Tip #5: Allow for the Opt-Out

Facebook Ads Experiment Tip 5

In Tip #4, you were introduced to exclusionary logic. While Website Custom Audiences are great for remarketing to people who have visited specific pages of your website, they also allow you to exclude people based on their activities, too.

We’ve broken down how you can use this for excluding people who bought a previous product, opted in to an offer or already read a blog post you are promoting. But we can take this a step further!

The Opt-Out

One of the ads I showed for my experiment looks something like this:

Facebook Ads Experiment No More

On the surface, this seems a bit insane. I spent money to show people an ad that asks them to remove themselves from targeting of future ads. But I did this for a number of reasons.

First, it allowed me to better focus my ad spend on people who wanted to see my ads. Granted, it didn’t do anything about those who just ignored me, but this made the other ads I ran more efficient.

Second, it allowed my audience to see the things they want to see — and not see the things they didn’t. While they certainly could have blocked me, this allowed a more civil removal. And made it less likely they’d be annoyed by future advertising — and more likely they’d act on it.

Finally, it’s very likely that by taking this approach, I improved trust among my audience. By allowing for the opt-out, they knew that I respected their news feed. This may have helped the general perception of my ads in the future.

Note that while I didn’t run the opt-out campaign throughout the entire duration of the experiment, I did include the link to opt-out within each tip.

How the Opt-Out Worked

Someone could have opted out of my ads by visiting a specific page of my website. So I could then exclude anyone who visited that page in my ad targeting.

Of course, I understand that people are curious, so I knew that a single click opt-out was probably a bad idea. So I made it a two-step process.

When someone clicked on the opt-out ad, they were directed to a page that looked like this…

Facebook Ads Experiment No More

Here is what the final page said…

Okay, now you’ve done it! You will no longer see ads related to this experiment from me.

Trust me, you aren’t hurting my feelings. I don’t want to spend money on ads you don’t want to see.

Thanks for participating!

Jon

If you saw that page, you would no longer see the ads associated with my experiment.

Excluding the Opt-Out

To make this work, I created a Website Custom Audience for that final opt-out page with a 180 day duration.

Facebook Ads Experiment No More WCA

Then for all of the ads I created within my experiment, I made sure to exclude that WCA.

Facebook Ad Experiment Tip 3 Targeting

That way, my ads didn’t reach anyone who had viewed that opt-out page within the previous 180 days.

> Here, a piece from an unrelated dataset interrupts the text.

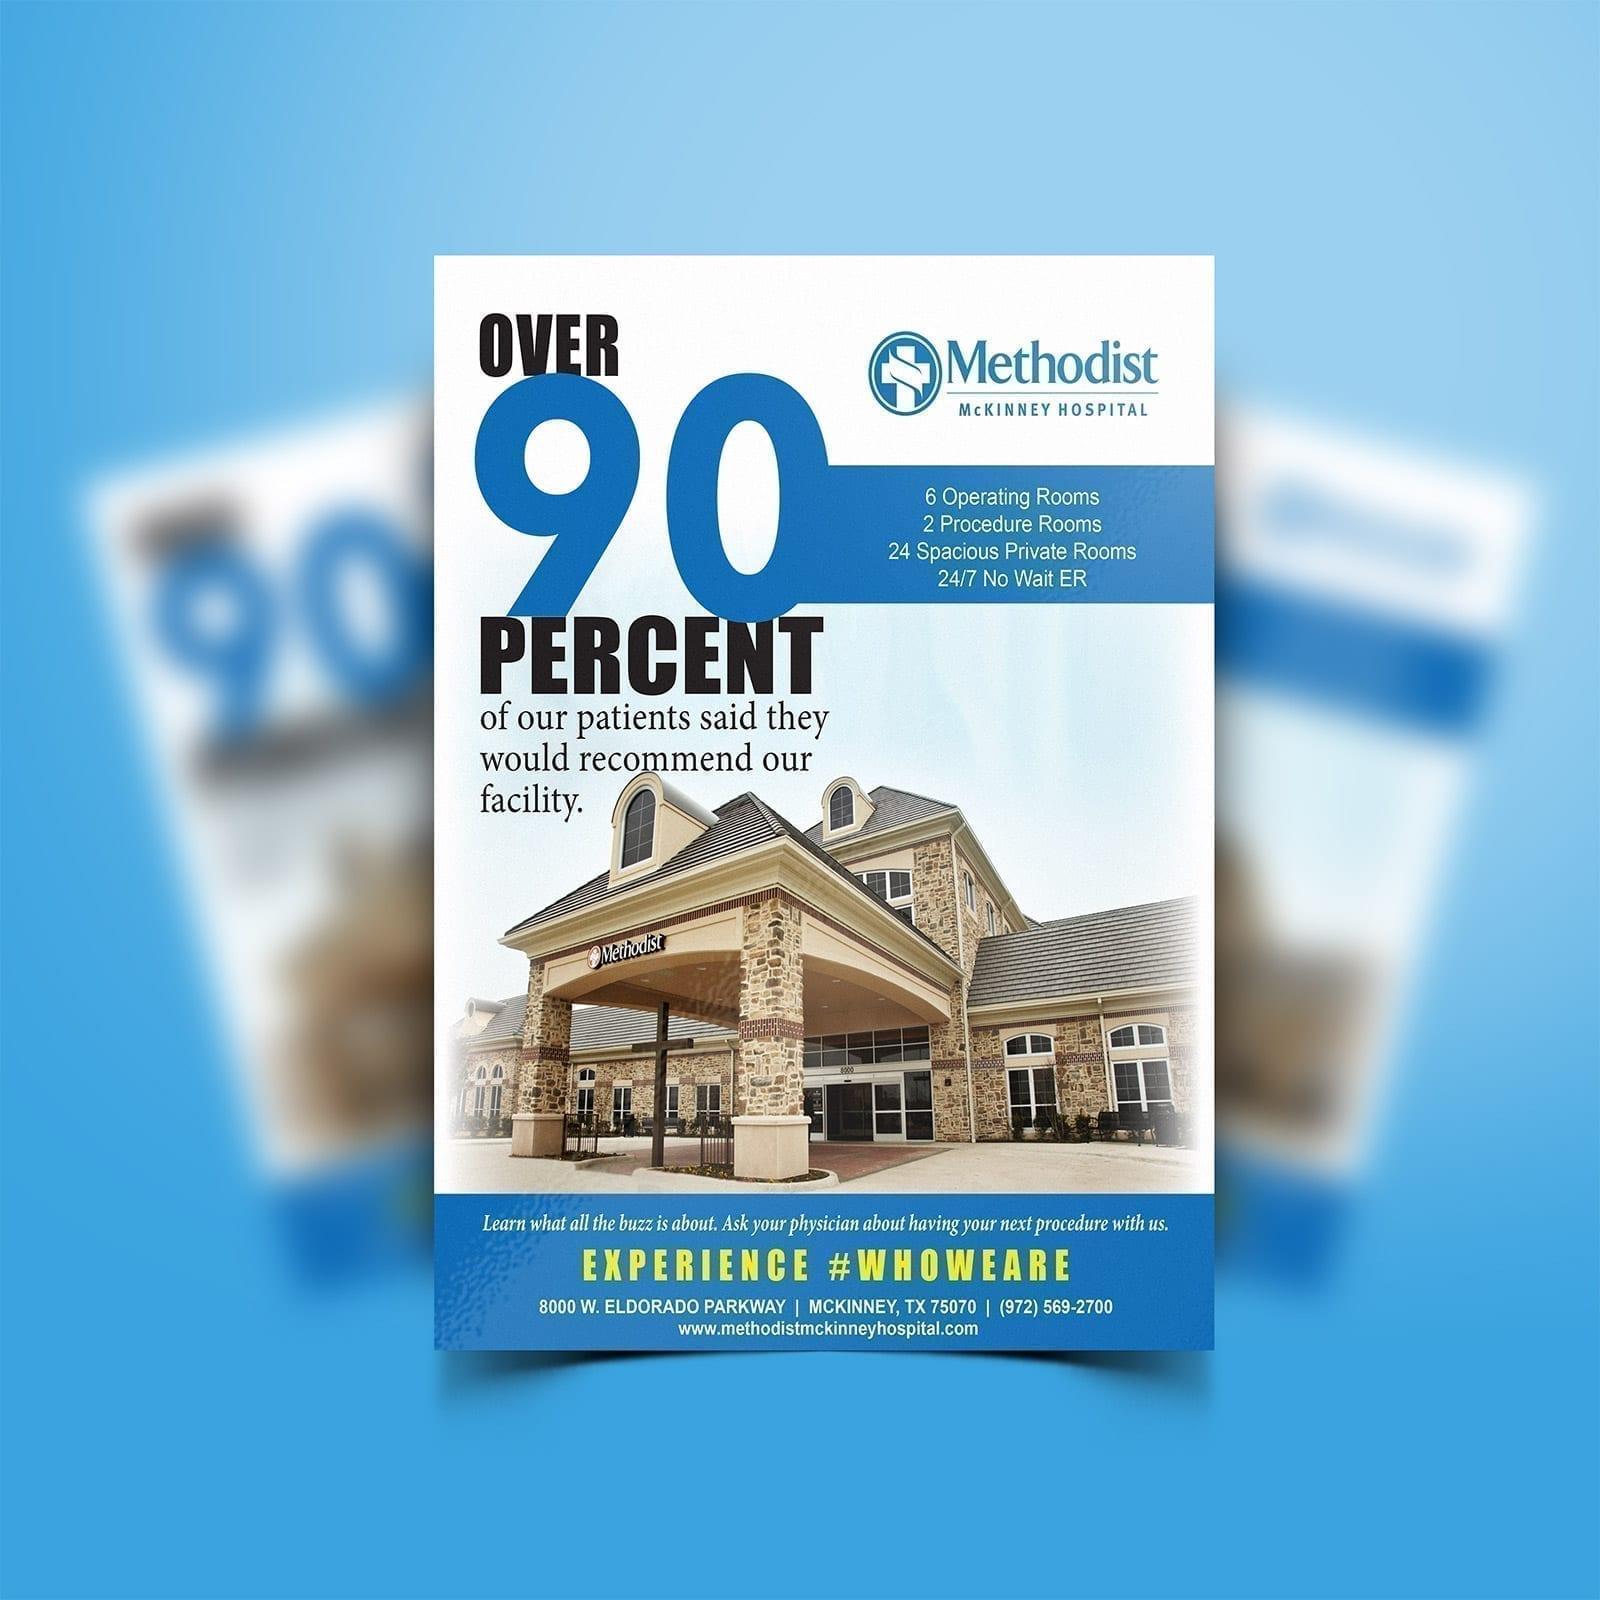 Methodist McKinney Hospital & Companies | Brand Activation

[NOTE: They still could have seen that content organically, which we’ll get to in a later tip!]

The Impact of the Opt-Out

There weren’t a ton of opt-outs. While there were more than 250 clicks on the initial ad, only about 100 followed through with the opt-out.

Of an initial pool of 1,880 people who had opted in for the experiment through Tip #4, 40 opted out (the other 30 opted out from the invitation, too). In other words, that’s about 2% of the initial audience that I would no longer target.

That may not seem like a huge deal — and really, it’s not — but that’s still 2% that I no longer had to spend my money on.

Granted, I was still spending money to get other people to opt out (for a while, at least), so it was probably a wash at best. But that doesn’t consider the long-tail impact of making sure I continue to target the right people in my experiment — and in the future.

By trimming this list, it became a far more efficient group to target — and one that I can use later.

The Weaknesses of the Opt-Out

There are certainly weaknesses in this, particularly when the ads receive a ton of engagement like those in my experiment.

Even if a person opted out, they may continue to see my ads organically when I or someone else interacted with them — particularly if they chose to interact with them previously.

Here’s an example…

Facebook Ads Experiment Organic

As you can see, there is no indication of this being “sponsored.” In fact, I received several reports of this from people — to the point where I believe it’s a new emphasis from Facebook to show more content in the news feed when users and pages comment on it. Even ads!

So even if you opted out, you still may have seen some of this content. I just wasn’t spending money to reach you with it anymore!